## [Data extract]

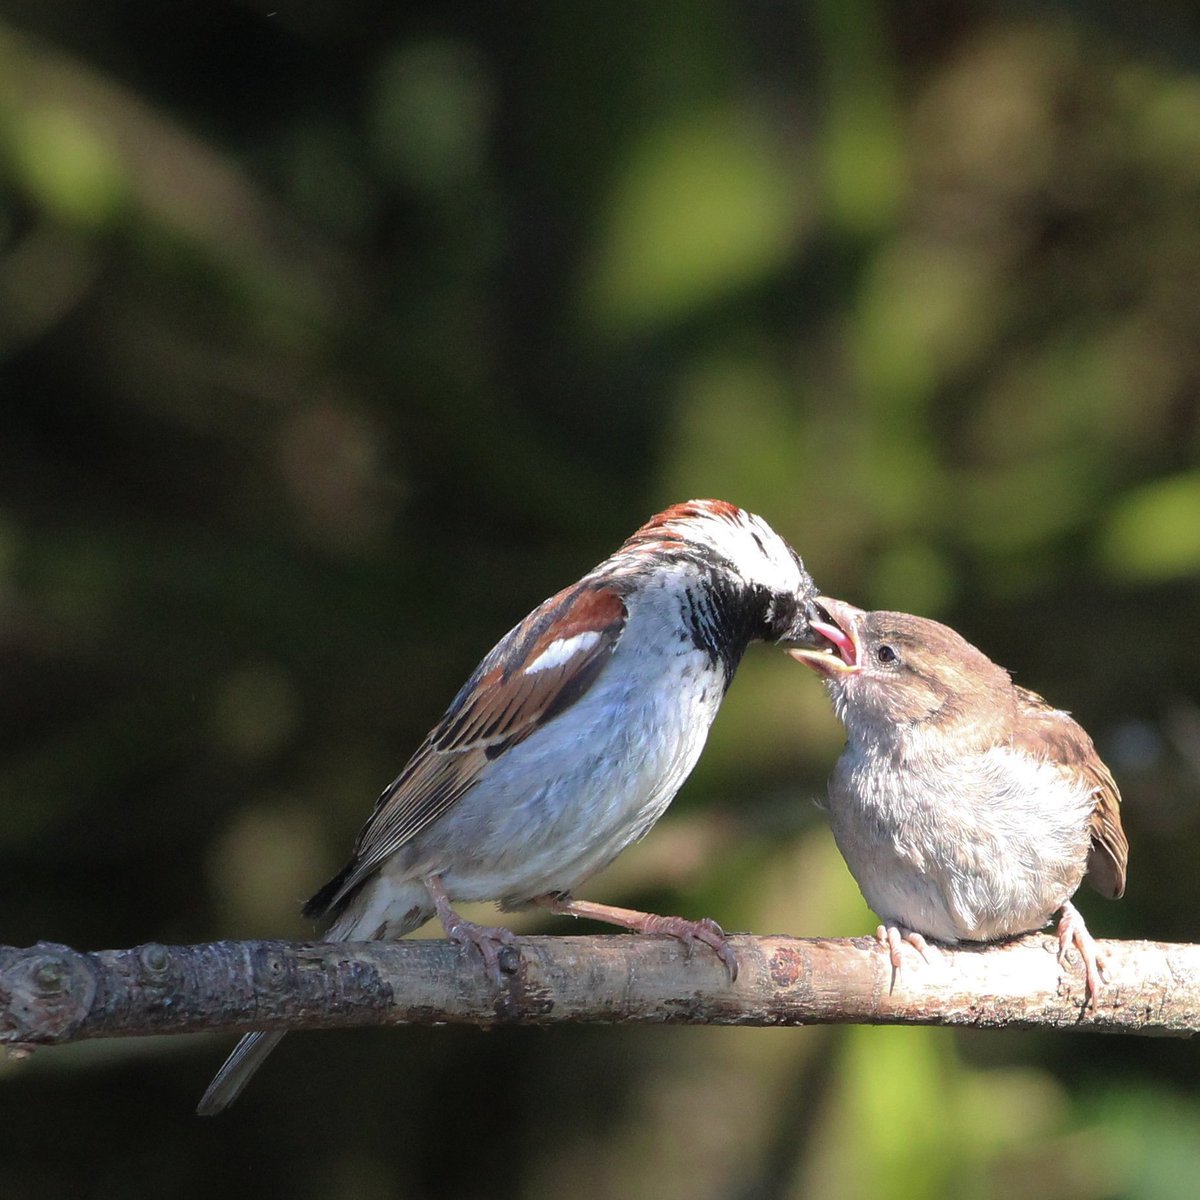 Feeding time ⌚ ❤️ A Male House Sparrow feeding its young.

House Sparrow / Passer domesticus 
#housesparrow #passerdomesticus #sparrows  #TwitterNatureCommunity #eye_spy_nature #eye_spy_birds #bird_brilliance #birds  #nature  #birdwatchireland

## [Task item]
From the line containing "House Sparrow / Passer domesticus" to the final line above, output everything. Change nothing and add nothing.

## [Response box]
House Sparrow / Passer domesticus 
#housesparrow #passerdomesticus #sparrows  #TwitterNatureCommunity #eye_spy_nature #eye_spy_birds #bird_brilliance #birds  #nature  #birdwatchireland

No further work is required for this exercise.